"Inevitably, war creates situations which Americans would not countenance in times of peace, such as the internment of men and women who were considered potentially dangerous to America's national security."
-INS, Department of Justice, 1946 Report
Texas played a significant role in World War II. Thousands worked in war industries such as oil production and aircraft manufacturing. Sacrifices were made on the home front in many ways such as rationing, scrap driving, and buying war bonds. In service of the war effort, 750,000 Texas men and women joined the military, and the sate hosted more than 65 U.S. Army Air Forces facilities, 35 U.S. Army Ground Forces camps and forts, nearly a dozen naval installations, and 68 prisoner of war camps.
Shocked by the December 7, 1941, Empire of Japan attack on Pearl Harbor, Hawaii that propelled the United States into World War II, one government response to the war was the incarceration of thousands of Japanese Americans on the West Coast and the territory of Hawaii. Issei (Japanese-born immigrants who were prohibited by law from becoming U.S. citizens) and Nisei (American-born children who were U.S. citizens by birth) were significantly impacted by war hysteria. More than 120,000 Issei and Nisei were moved, primarily, to War Relocation Authority
camps across the country. These internees shared a common loss of freedom with the thousands of Japanese, German, and Italian Americans and Enemy Aliens detained in Department of Justice (DOJ) camps through the Enemy Alien Control Unit Program. Texas hosted three temporary detention centers in Houston, San Antonio, and Laredo; three DOI Enemy Alien confinement camps administered by the Immigration and Naturalization Service (INS) at Crystal City, Kenedy and Seagoville, and two U.S. Army "temporary confinement camps" at Dodd Field near Fort Sam Houston in San Antonio and Fort Bliss in El Paso.
The government's authority over Enemy Aliens and, by circumstance, their American-born children came from United Stares Code, Title 50, Section 21, Restraint, Regulation, and Removal, which allowed for the arrest and detention of Enemy Aliens during war. President Franklin D. Roosevelt's Proclamation No. 2525 on December 7, 1941 and Proclamations No. 2526 and No. 2527 on December 8, 1941—modeled on the Enemy Alien Act of 1798—collectively stated,
"All natives, citizens, denizens, or subjects of [Japan, Germany and Italy], being of the age of fourteen years and upward, who shall be in the United States and not actually naturalized, shall be liable to be apprehended, restrained, secured, and removed as alien enemies."

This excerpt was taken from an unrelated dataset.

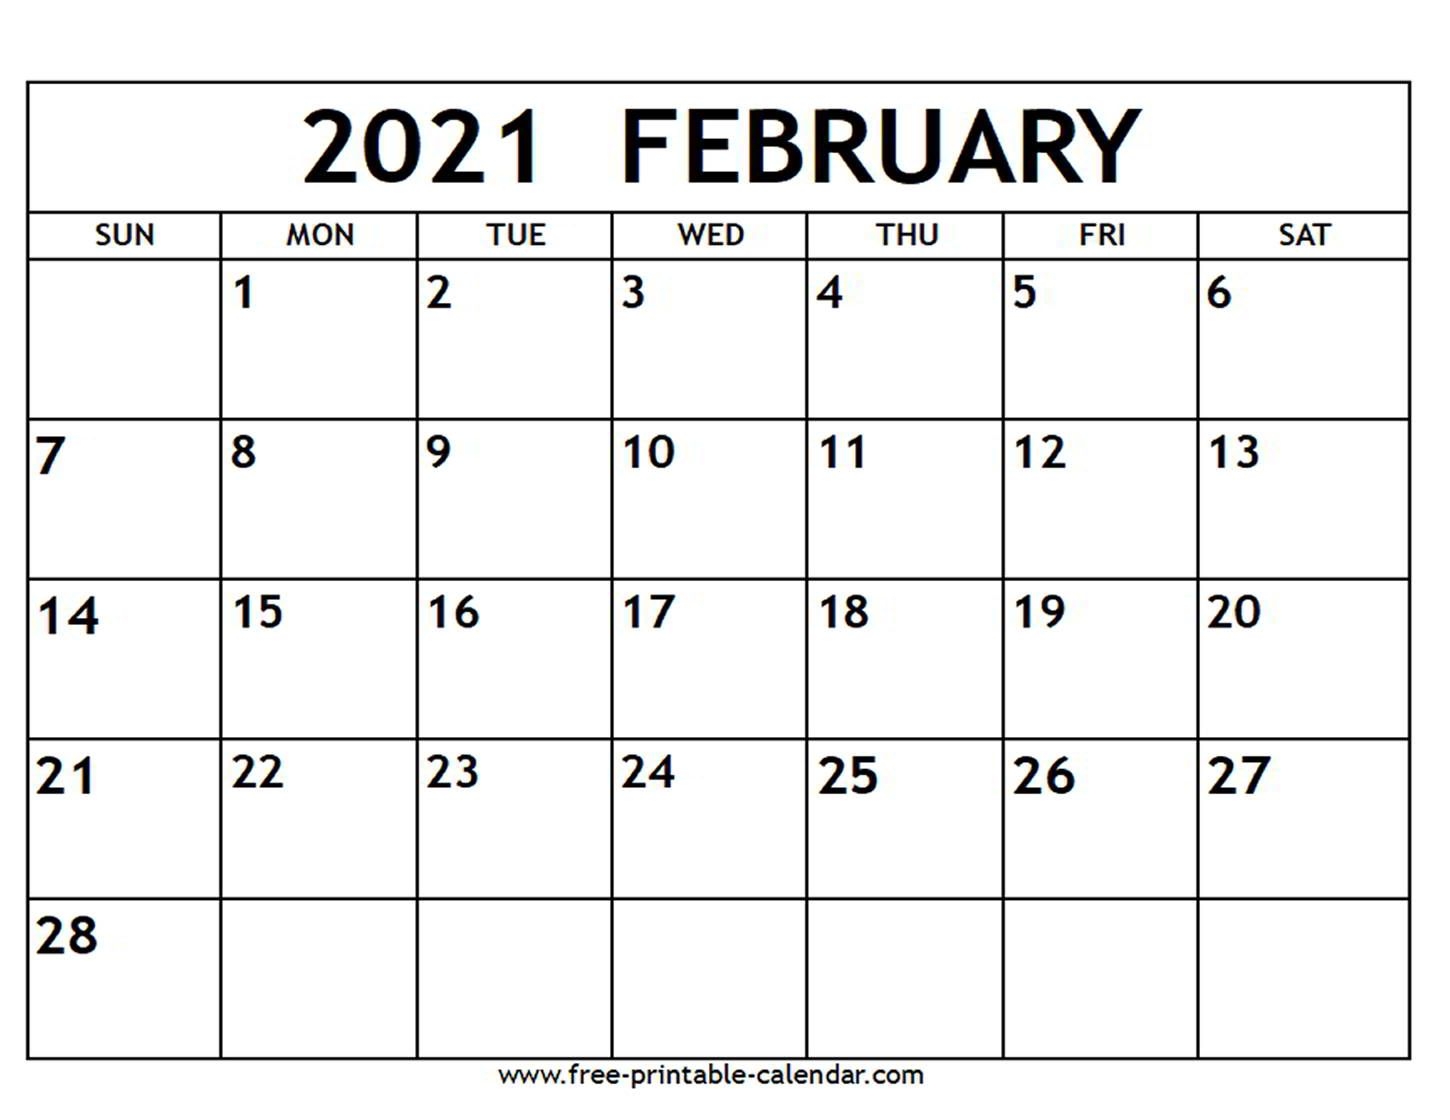 February 2021 Calendar - Free-Printable-Calendar

Prior to these presidential
proclamations, the United States government realized the high probability that it eventually would be involved in war, regardless of the strong isolationist feelings the public generally held prior to December 7, 1941. In preparation, both the DOJ, through the Federal Bureau of Investigation (FBI), and the State Department, through the Special War Problems Program, produced detention lists. This system indexed thousands of people as potentially dangerous individuals in time of war who were residing in the United States and Central and South America. With this questionable legal foundation in place, the FBI began arresting American citizens, and Enemy Aliens from Axis nations in America, as early as the night of December 7, 1941 and placed them in detention centers. By January 1942, all individuals classified as Enemy Aliens were required to register at local post offices. They were fingerprinted, photographed, and required to carry photo-bearing Enemy Alien Registration Cards at all times.
Early in 1942, the DOJ established a hi-level organization, which handled the individual cases of Enemy Aliens: The Enemy Alien Control Unit in Washington, D.C. and an Enemy Alien Hearing Board with branches located in each of the federal judicial districts of the United States (in Texas boards were held in Houston, Dallas, and San Antonio). Each Enemy Alien Hearing Board consisted
of three civilian members from the local community, one of whom was an attorney. Representatives of the U.S. Attorney for that district, the INS, and the FBI attended each hearing as well. Enemy Aliens taken into custody were brought before an Enemy Alien Hearing Board and were either released, paroled, or interned for the duration of the war.